- [Problem to solve]: Copy the material below verbatim from the line with "Business Proposal Form |" to the line with "Alt-Spaten Steak Knife", both lines included, omitting pictures and every line outside that range.

- [Task inputs]:
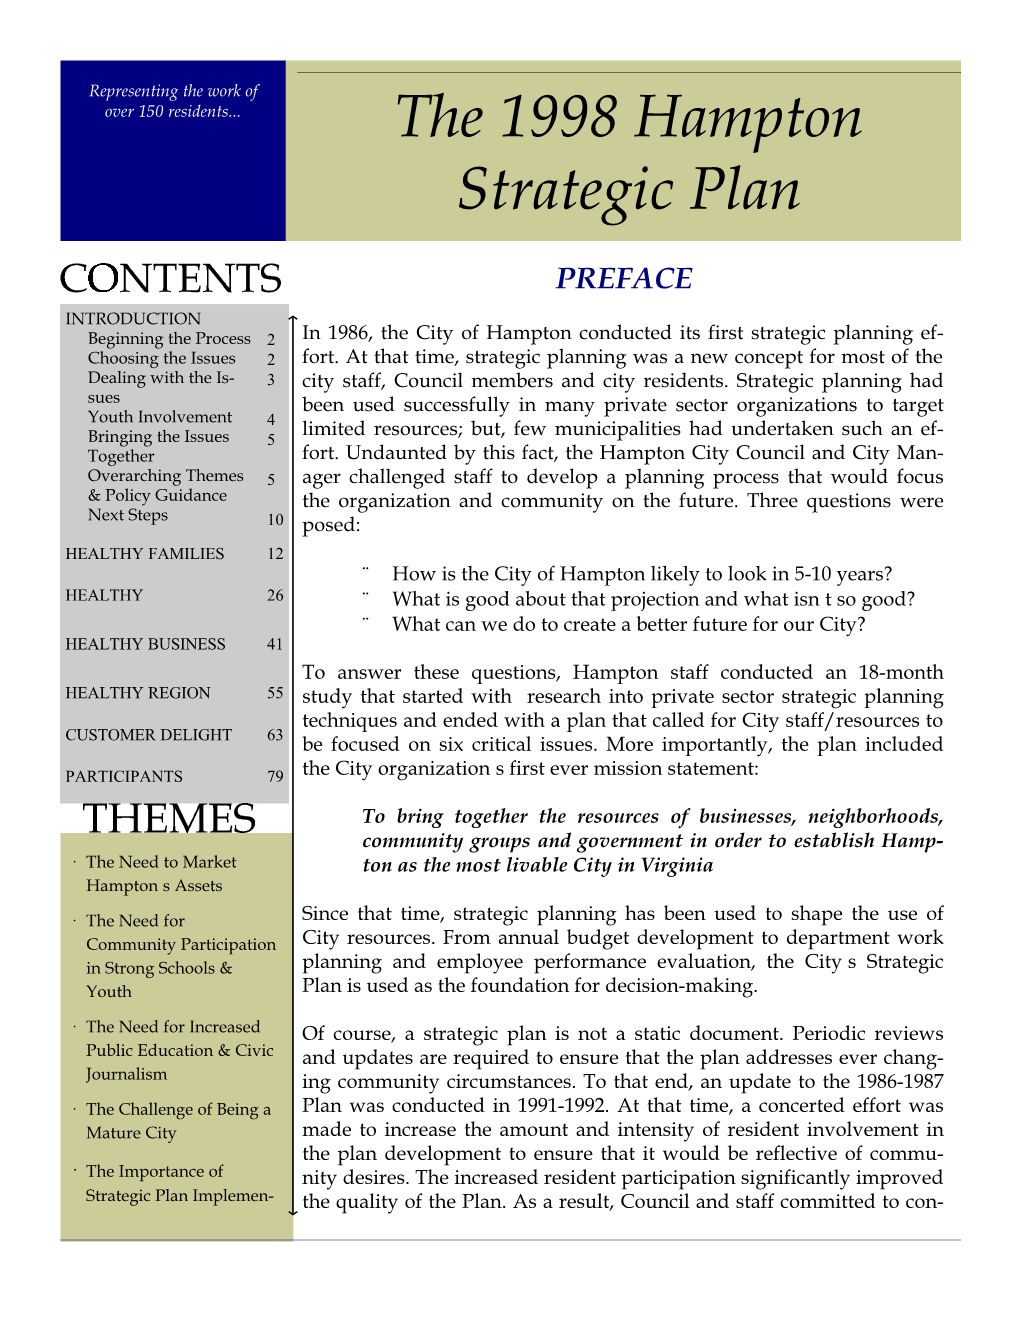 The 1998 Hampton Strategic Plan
...
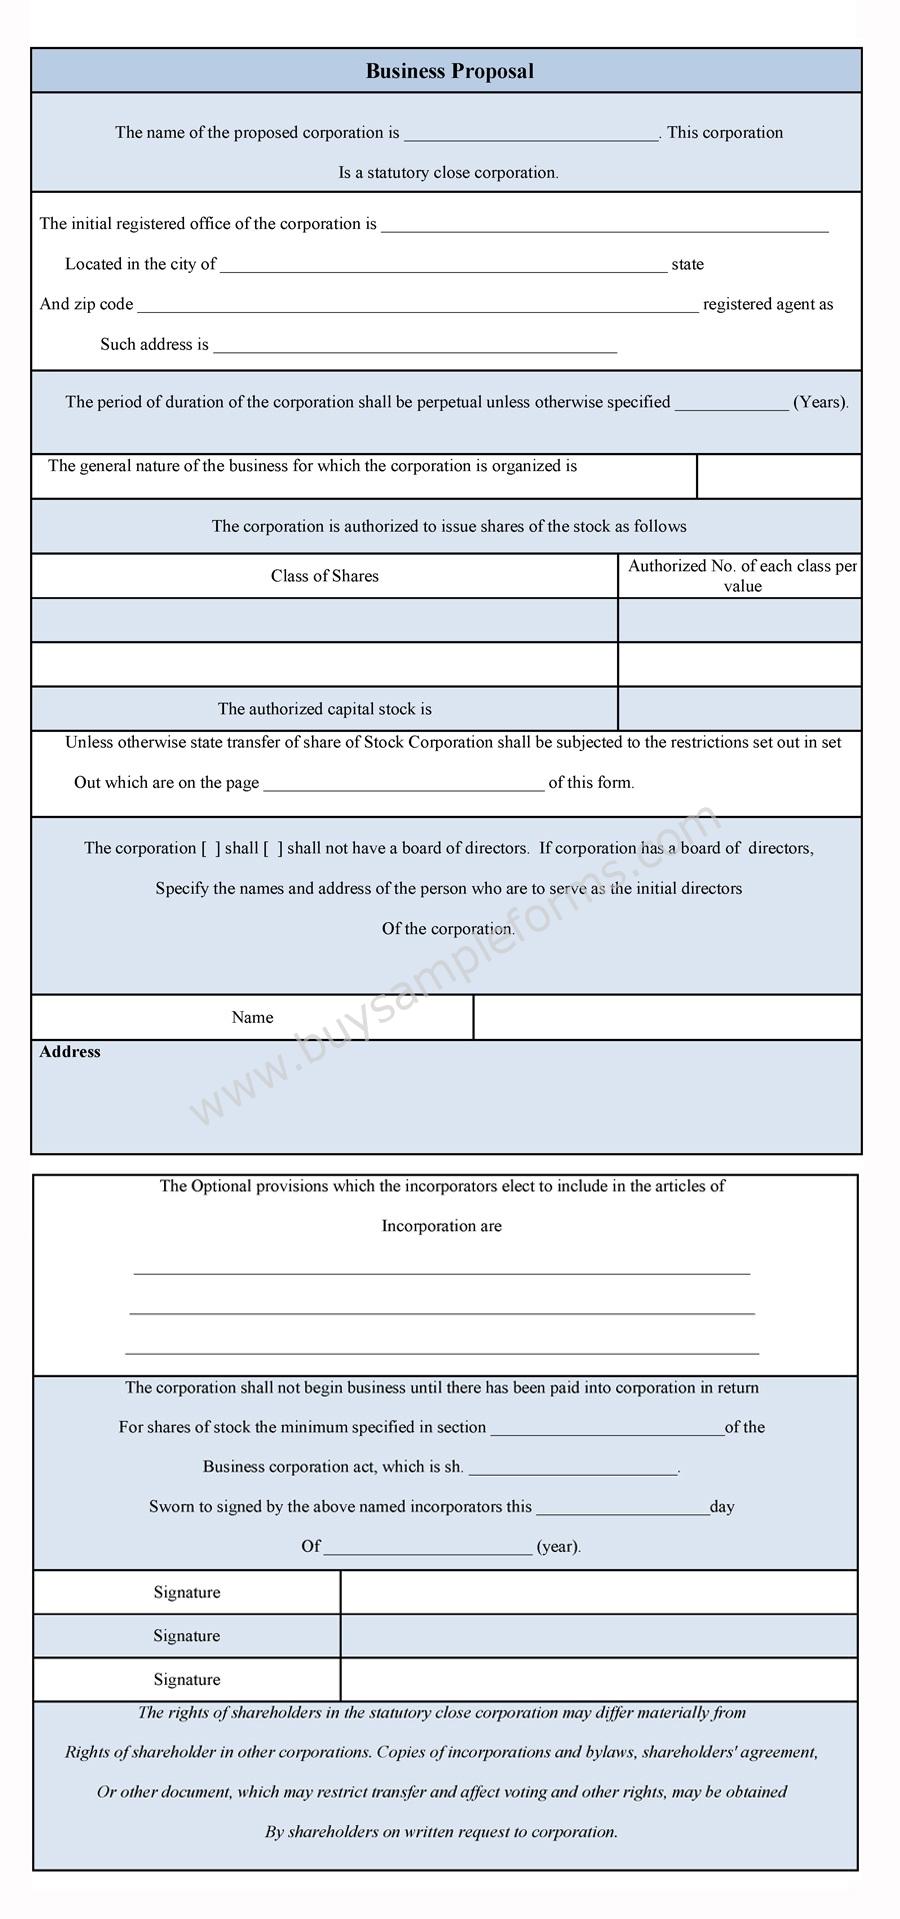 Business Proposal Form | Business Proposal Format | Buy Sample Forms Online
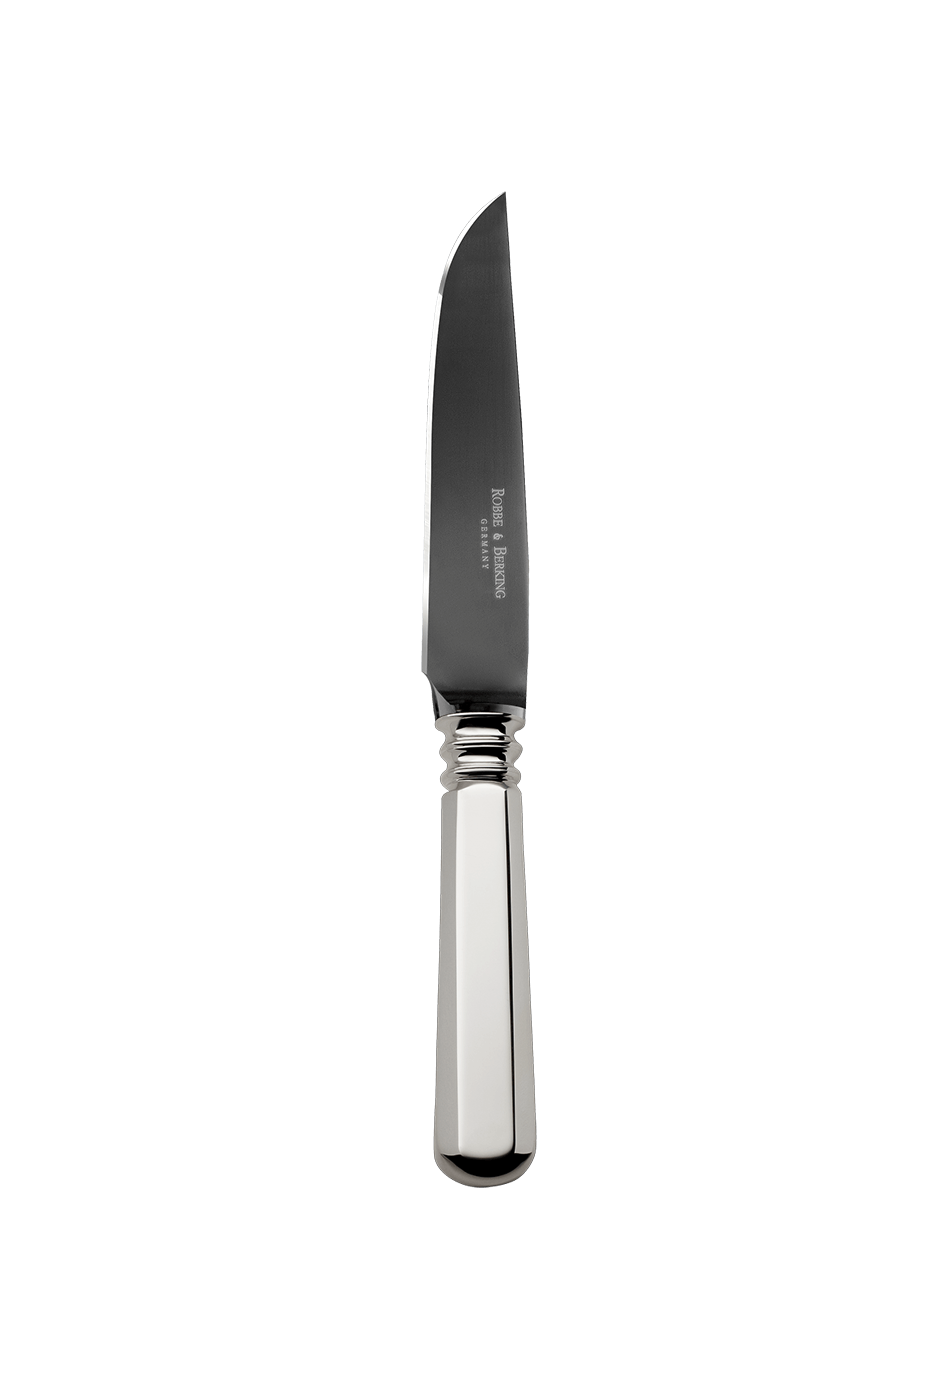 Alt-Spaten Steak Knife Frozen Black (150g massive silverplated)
--
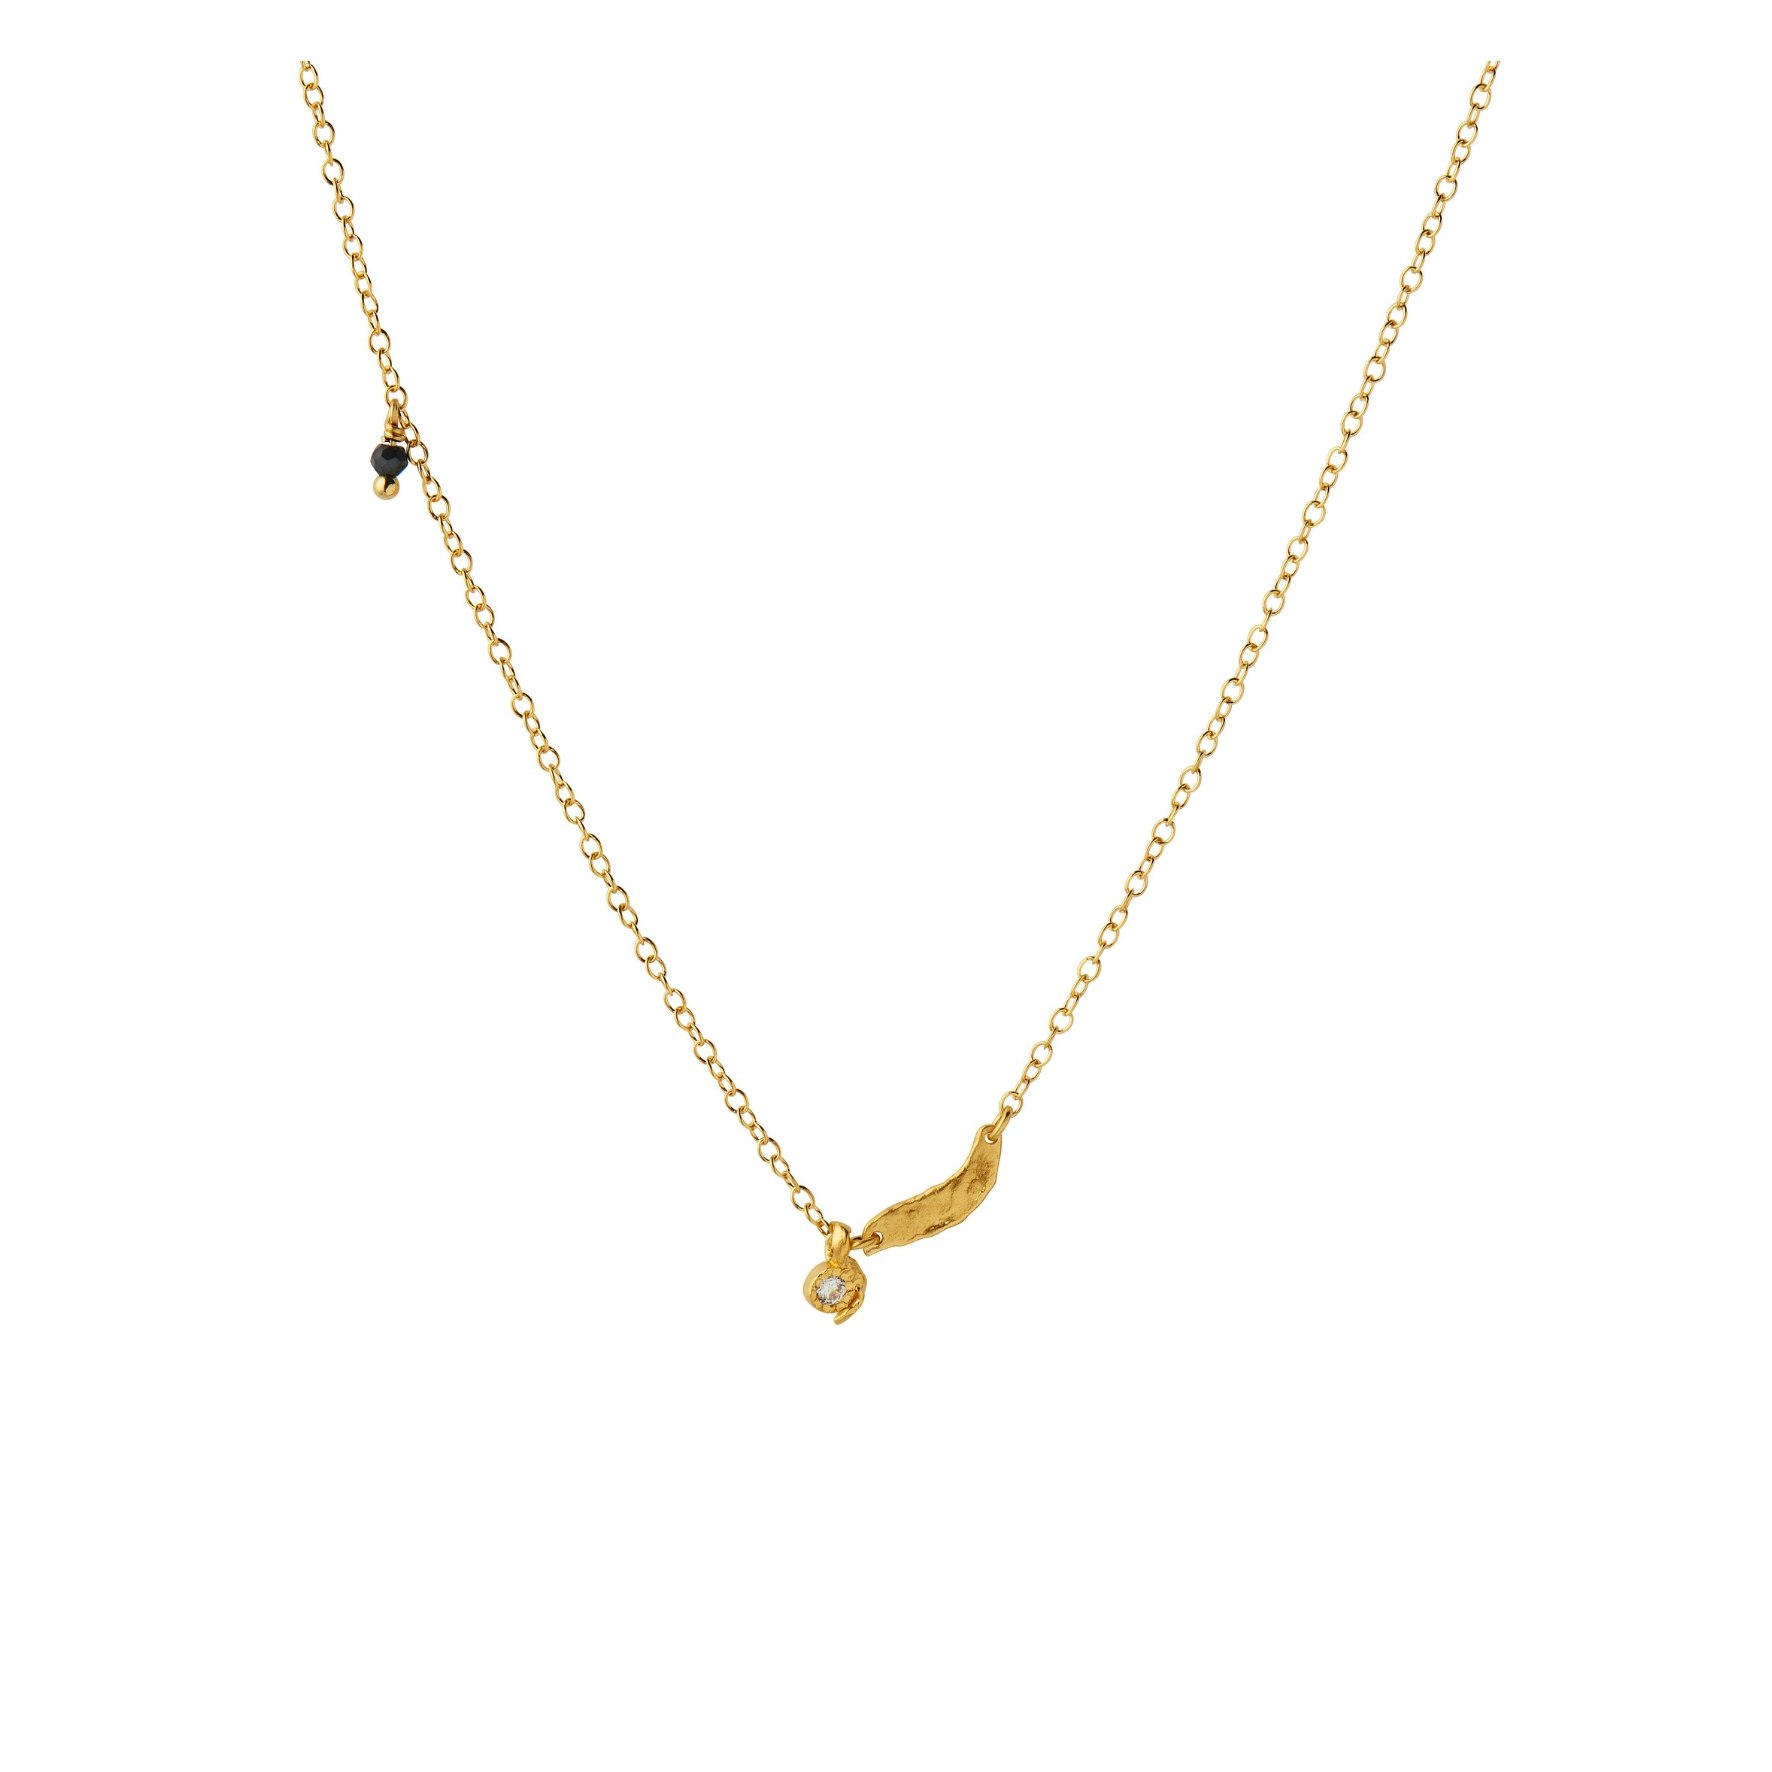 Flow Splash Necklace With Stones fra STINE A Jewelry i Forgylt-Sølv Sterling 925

- [Solution]:
 Business Proposal Form | Business Proposal Format | Buy Sample Forms Online
 Alt-Spaten Steak Knife Frozen Black (150g massive silverplated)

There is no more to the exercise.